A big part of becoming a better communicator and consultant is to understand which metrics matter to business leaders, and which don’t. Often, the data IT reports is not what their business counterparts find most compelling. Dawn Parzych, director of product and solution marketing at digital experience monitoring company Catchpoint Systems, says that what seems like a power struggle between business and IT leaders can sometimes be caused by misunderstanding, miscommunication, and not being focused on the same goals.

“Metrics used to measure success are constantly changing in some respects,” she says. “But at the top level, those metrics have been the same and will always be the same — they’re concerned about revenue, operational efficiency, and cost. When you look at individual departments and teams, they focus on other metrics that feed into those top-level concerns. But there’s not always an understanding of why the metric matters.”

For example, she says, take mean time to resolve (MTTR), the measure of time between when an issue is first raised to a help desk or support personnel and when it is solved. MTTR is one of the metrics IT people focus on, Parzych says. “‘We’ve got this number down low, we’re solving problems faster than before,’” she says. “But because of the way they’re doing it, there may be more problems. The number that the company’s leaders care about hasn’t changed, but because they’re focusing on MTTR, they’re not looking at the bigger picture.”
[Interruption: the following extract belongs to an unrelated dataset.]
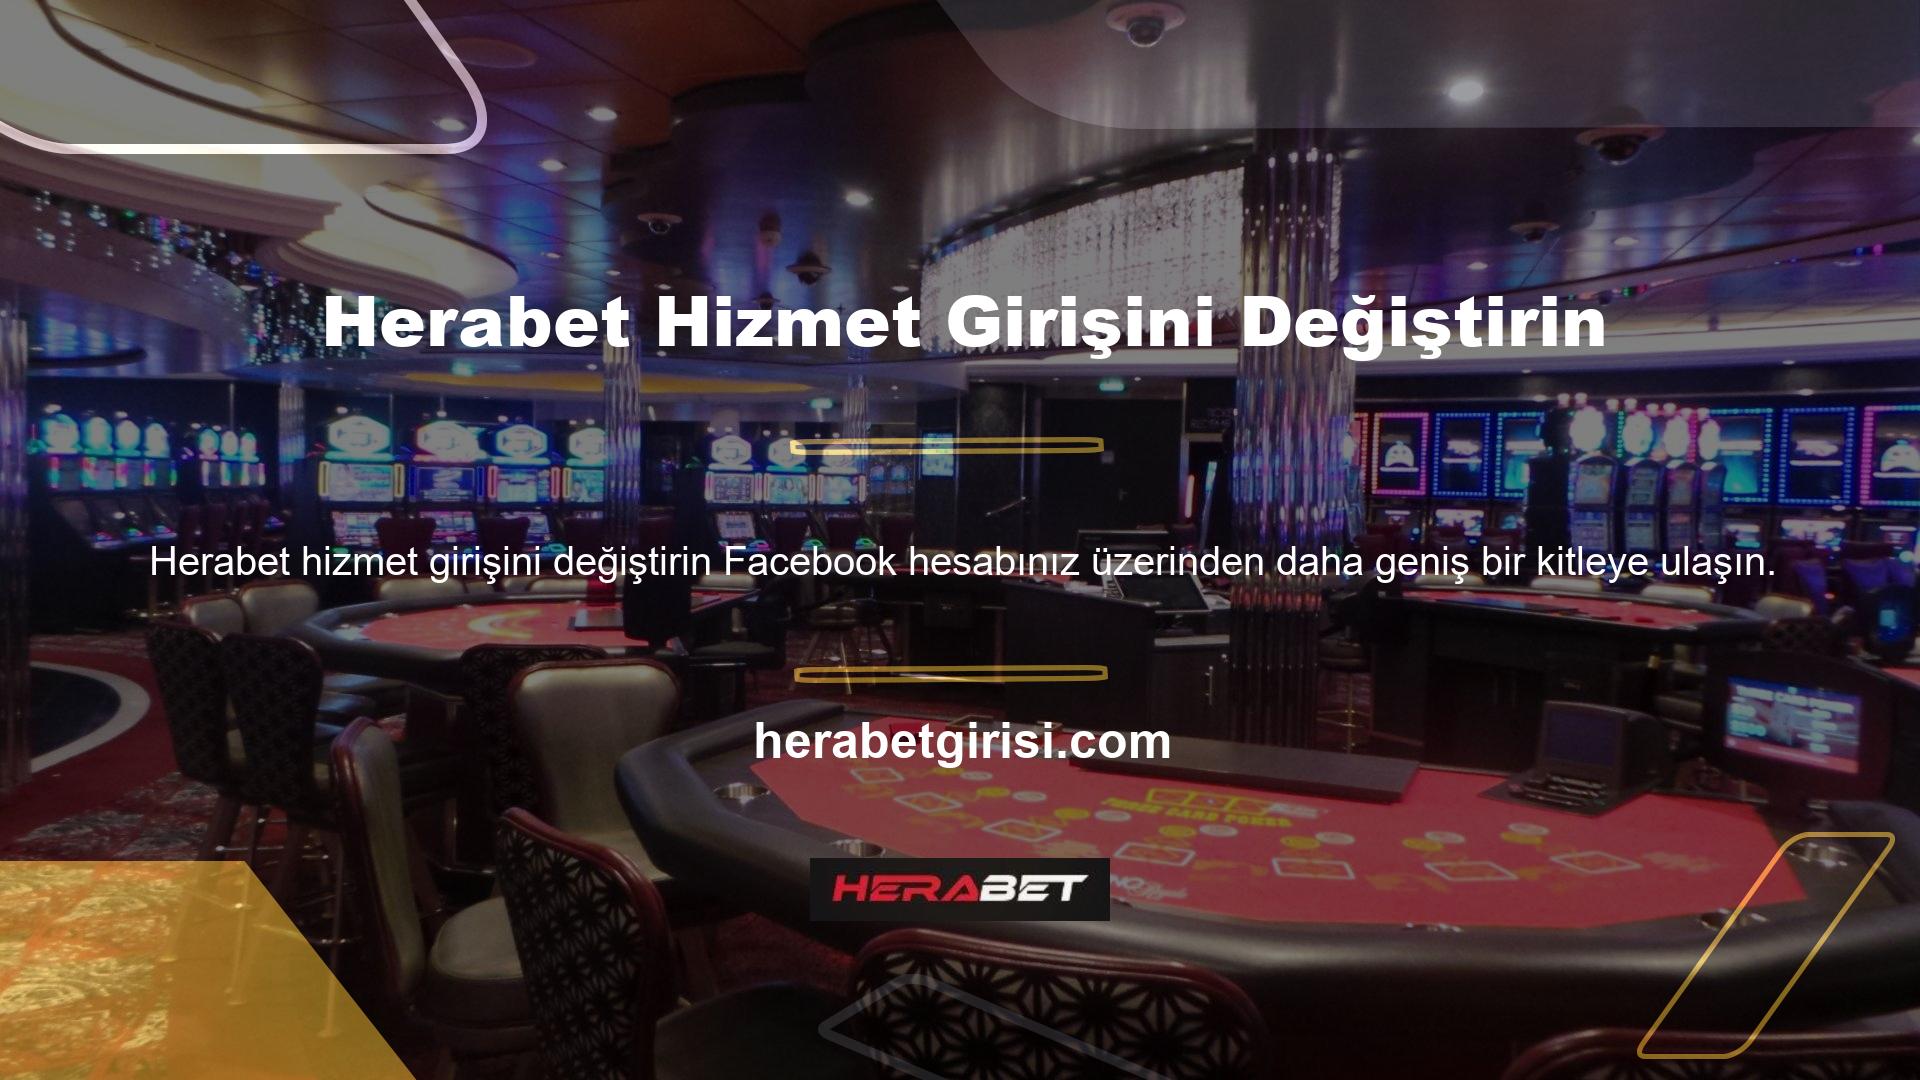 Türk casino ve oyun tutkunlarına nasıl ulaşılır? Facebook'un milyonlarca kullanıcısı var

Thus, IT leaders can improve relations by thoroughly understanding corporate goals, she says. “Then be honest in communicating those goals and objectives downward and looking at how the metrics their teams are measuring map back to those objectives.”

4. Digital transformation marks a new phase of a familiar cycle

“Often, when we start measuring something because we see it going wrong, we get to a point where it’s improved,” Parzych says. “And then — great! — we don’t have to focus on this anymore. But this is something you have to keep constantly working on. As soon as you take your eye off that goal, things start to go backward. We stopped communicating and looking at the right metrics, and all the other elements that go into alignment, and we’ve had a backslide.”

So perhaps, as business and IT leaders once again recognize the need to work on better communications, relationships will return to their former levels. “All organic systems have cycles,” Collins says. “It’s a steady march as we evolve.”

IT’s relationship with business has already gone through several cycles, he adds. “We were all on the mainframe, and you didn’t have any choice. Then along comes the personal computer, and what did we say? The business units are in charge of their own technology budgets. But then there was loss of control, so we went through centralization again. Then software-as-a-service came along and everybody has their own budget. Then we have no complete view of what’s going on because all our data is siloed. So we’re seeing people understand the new role of IT is protecting the enterprise and doing all the integration that brings the data together.”

This new focus on IT by business leaders is at the root of today’s digital transformation trend, he adds. “Because everyone now realizes that their business runs on top of technology and you can’t turn it off. It doesn’t matter whether or not you have a digital transformation strategy — you’re right in the middle of it.”

In other words, the stakes are higher than ever, and these high stakes might explain why business and IT are less in sync than they used to be. “Everybody intuitively knows they can’t run without technology anymore,” he says. “No way to execute a business and be competitive without it. And each business is defining for itself how you turn technology into some kind of competitive value. That’s where all the struggle is.”